Done with Africa, travel author Paul Theroux looks stateside

Author Paul Theroux returns to Africa in his latest book, "The Last Train to Zona Verde."
(Credit, left: Christopher Reynolds/Los Angeles Times)

It’s been half a century since Paul Theroux showed up as a fresh-faced Peace Corps volunteer in Malawi, Africa. It’s been 38 years since “The Great Railway Bazaar” made his name as a travel writer, and about 11 since he traveled overland from Cairo to Cape Town for the book “Dark Star Safari.”

His newest work is “The Last Train to Zona Verde: My Ultimate African Safari,” which begins in Cape Town and winds up amid menace and melancholy in Angola. It’s an “ultimate” safari, all right -- in the sense that he’s done with Africa now.

But other things are percolating. I recently sat with Theroux, 72, in the Polo Lounge at the Beverly Hills Hotel to talk about Africa, footloose authors from Massachusetts, and why he recently attended a gun show in Southaven, Miss. Here’s an edited excerpt from the interview.


How did this latest Africa book happen?

I started thinking about going back to Africa almost from the very beginning, from the time I left.… I thought, I want to see what happened to my school, what happened to my friends, and I also wanted to go to places I hadn’t been to before, Sudan and Ethiopia. So going overland from Cairo to Cape Town was a revelation to me. It was difficult, it was dangerous at times. But it was full of enlightenment.

And then, I thought: I’ll let 10 years pass and I’ll continue the trip, resuming in Cape Town, seeing what changes had taken place there. Actually, I had Angola on my mind. Angola is off the map. Tourists don’t go there. There are no wild animals there -- they’ve all been blown up by land mines, or eaten.… A place that doesn’t welcome tourists, that’s really difficult and off the map, is a place I want to see.
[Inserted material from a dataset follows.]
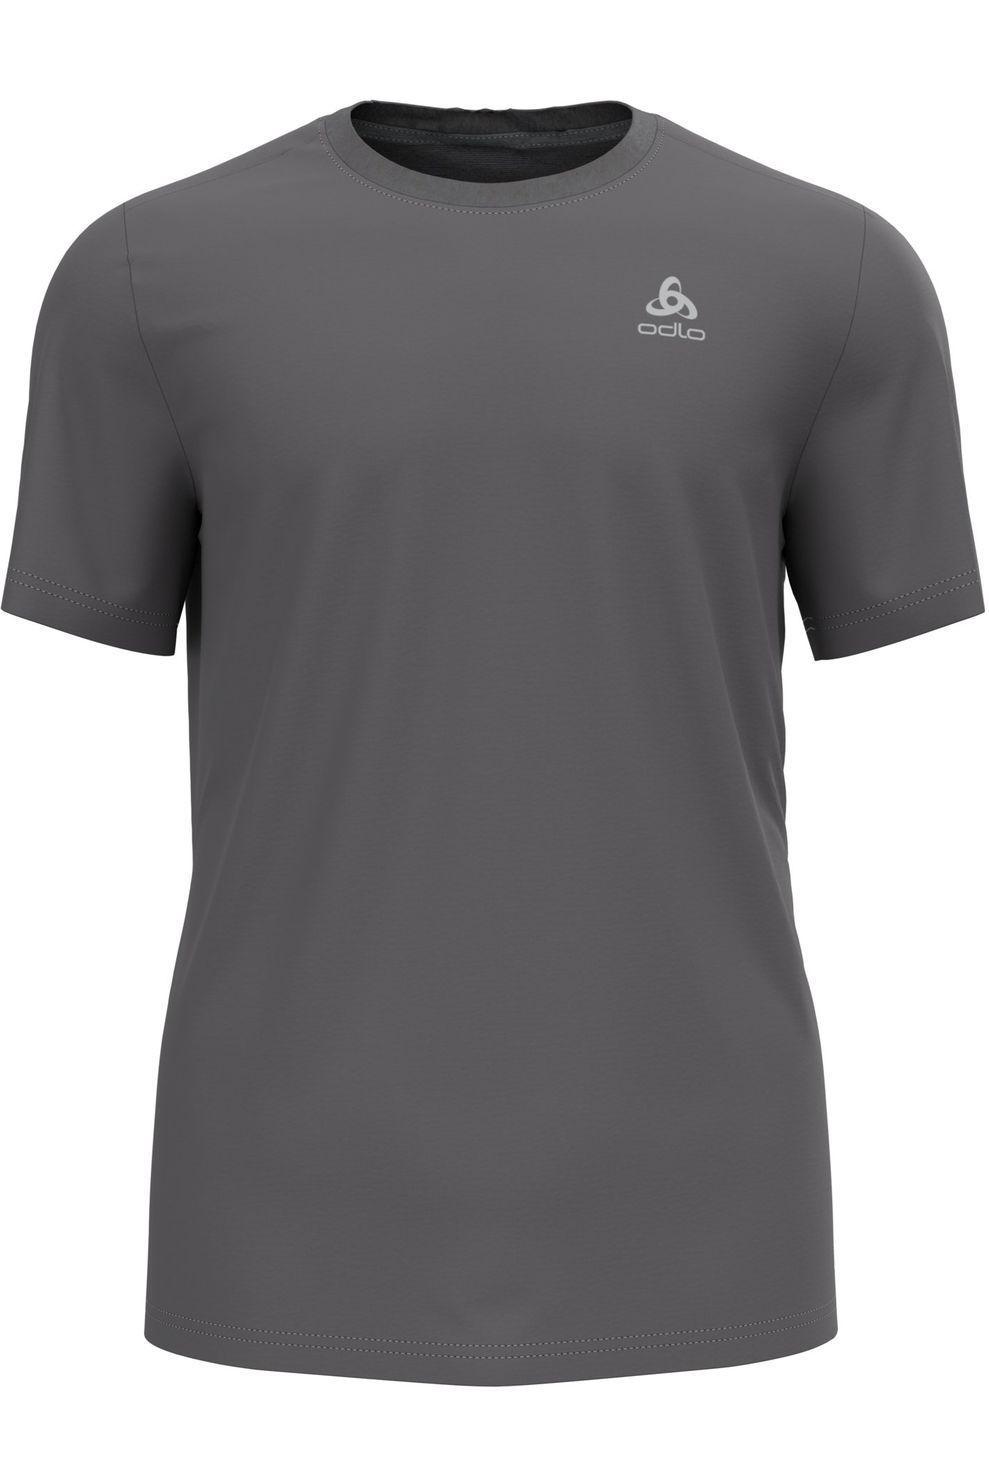 Odlo T-Shirt Neck F-Dry voor heren - Grijs - Maten: S, M, L

What was the riskiest moment?

The worst thing that can happen to you in travel is having a gun pointed at you by a very young person. That’s happened to me maybe four times in my life. I didn’t like it. Or having a rusty spear jabbed at you, as happened to me in New Guinea. On this trip, I would say [it was] being driven by a drunken driver in Southern Angola. Speeding, drunken, bad road. I’m telling him to slow down, he doesn’t care. Music’s playing. I think: I don’t need this. It’s not as dangerous as being shot at, but it’s, you know, my limit.… One wrong move, we’re off the road, we’re in a tree, we’re going to have a head-on collision.

What’s the difference between you as a 22-year-old traveler and you as a 72-year-old?

I’m the same traveler that I was. If anything, I’m more patient, more grateful. Look at my life. I mean, I’ve been very, very lucky in my travel. Think of the awful things that could have happened to me -- and nearly did happen to me.… In the course of this trip, three people that I met died. And I discovered that a fourth one -- a woman that I met in South Africa, Vicki, [who was running a bed-and-breakfast], was stabbed to death by her husband.

Your home town, Medford, Mass., is a 20-minute train ride from Jack Kerouac’s home town, Lowell. (In May, Theroux wrote about revisiting the two towns for the magazine Penta.) Have you reread “On the Road” lately?

Not that long ago.… I didn’t make it all the way through. I found part of it heavy going, part of it just hurried.... But a lot of books that you read as a youth don’t stand up. “A Catcher in the Rye” didn’t stand up. “On the Road” didn’t stand up. Henry Miller doesn’t stand up. But at the time [when you’re 18], you’re thinking, “God, this is great!” Even “The Stranger,” Albert Camus, didn’t stand up. But … you reread “Madame Bovary” and you think, “My God, this is a masterpiece. This is the most wonderful book.”

I’ve been reading Nancy Drew books to my daughter, and in the last page or two, just as things are wrapping up, you can always count on the author to toss in a tantalizing reference to the next adventure in the series. I got the same sensation in the closing paragraphs of “The Last Train to Zona Verde,” when you wrote that all those red rural roads in Africa reminded you of the red roads of the American South. Is the American South your next project? If so, why?

It’s the way in which the rural South resembles the Third World. They face the same problems. Housing. Access to medical care. HIV. Education. Challenges. And at the same time, like the Third World, there are very salubrious cities. Augusta is beautiful. Atlanta is a big, bustling city. Tuscaloosa is a college town, big sports teams, they make Mercedes there. But they’re islands, and everything outside of those places is filled with difficulty. There’s a place, Allendale, South Carolina … it looks like Zimbabwe. A place where the farms aren’t farming and the factories are closed and the schools aren’t very good. Dirt roads, substandard housing.…

I’ve made three trips, each one about three weeks. I still haven’t been to Louisiana or Arkansas, which I’d like to. But I’ve made friends.… I went to Oxford, Miss., after going to a gun show in Southaven, Mississippi, and I can tell you, the gun show was a thousand times more interesting than Faulkner’s house.